Re: Default exception handler
dgront wrote:
quite recently I learned about UncaughtExceptionHandler feature in
JAVA 5. For me this is very appealing, because I have a lot of methods
that throw overall a few types of exceptions. So far I had to copy a
relevant try{} catch{} fragment which is common for most of the cases.
....
> The best what I found is to extend RuntimeException (I handle only
> these by my default handler) and to add an enum field to each
> exception. Then I will be able to dispatch exceptions within a switch
> clause.
>
> Can you find a better idea? Or maybe instanceof is good enough, since
> exceptions appear very rarely.
Eric Sosman wrote:
You may have missed an important point: the default
exception handler is a "last gasp" handler that runs just
before an uncaught exception destroys a thread.
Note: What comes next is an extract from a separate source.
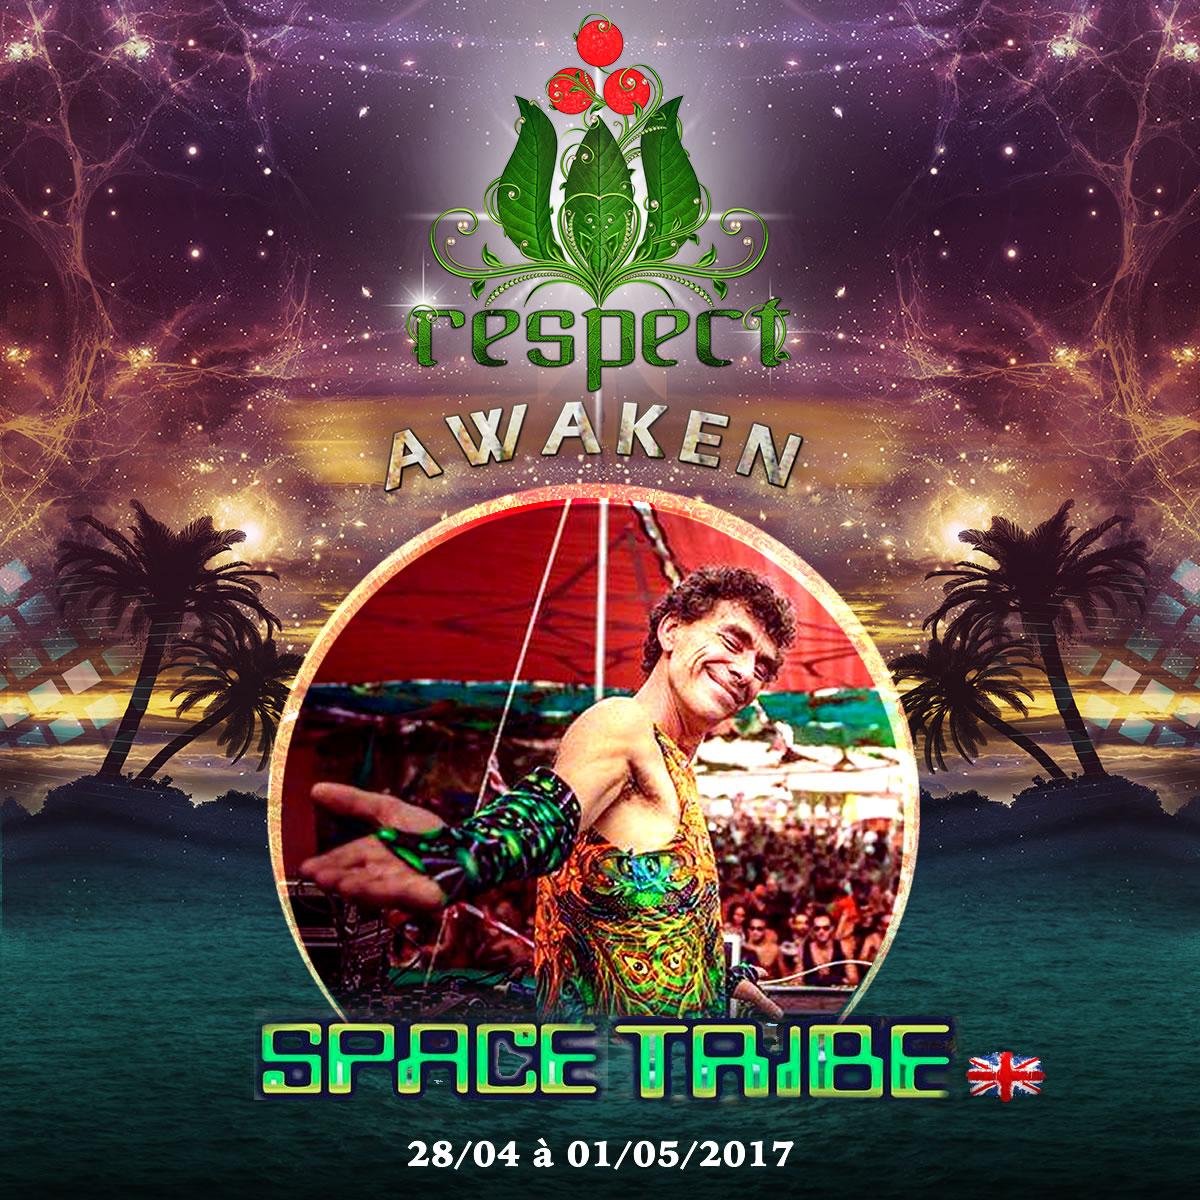 Space Tribe @ Respect Awaken 2017

When the
DEH's uncaughtException() method returns, the thread is
dead, finis, kaput. The uncaughtException() method is not
a catch block.
Even if it worked as the OP expected, it'd be bad style to put one catch-all
handler at the top of the program. The correct place for exception handling
is at the bottom, at the point of first throw, so that it can be properly
logged.
It's a red flag any time one is switching or if()ing on the type of an
argument; it means one has the wrong algorithm. Things should be able to
handle their own stuff - that is, a routine that receives, say, a SQLException
is the one that "knows" it's dealing with SQL stuff, and can properly handle
the exception. A higher level routine that doesn't "care" about SQL shouldn't
have to break encapsulation to find out that SQL was the problem. That should
have been handled already, and the exception either eaten or turned into one
that makes sense at the higher level.